**** Supplied records

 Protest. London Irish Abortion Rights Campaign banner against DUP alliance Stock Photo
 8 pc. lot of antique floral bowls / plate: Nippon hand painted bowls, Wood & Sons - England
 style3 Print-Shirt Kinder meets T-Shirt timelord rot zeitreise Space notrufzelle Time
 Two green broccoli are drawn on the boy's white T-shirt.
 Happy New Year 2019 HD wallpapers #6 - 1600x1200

********

Extract all the material, leaving every line as it is.

 Protest. London Irish Abortion Rights Campaign banner against DUP alliance Stock Photo
 8 pc. lot of antique floral bowls / plate: Nippon hand painted bowls, Wood & Sons - England
 style3 Print-Shirt Kinder meets T-Shirt timelord rot zeitreise Space notrufzelle Time
 Two green broccoli are drawn on the boy's white T-shirt.
 Happy New Year 2019 HD wallpapers #6 - 1600x1200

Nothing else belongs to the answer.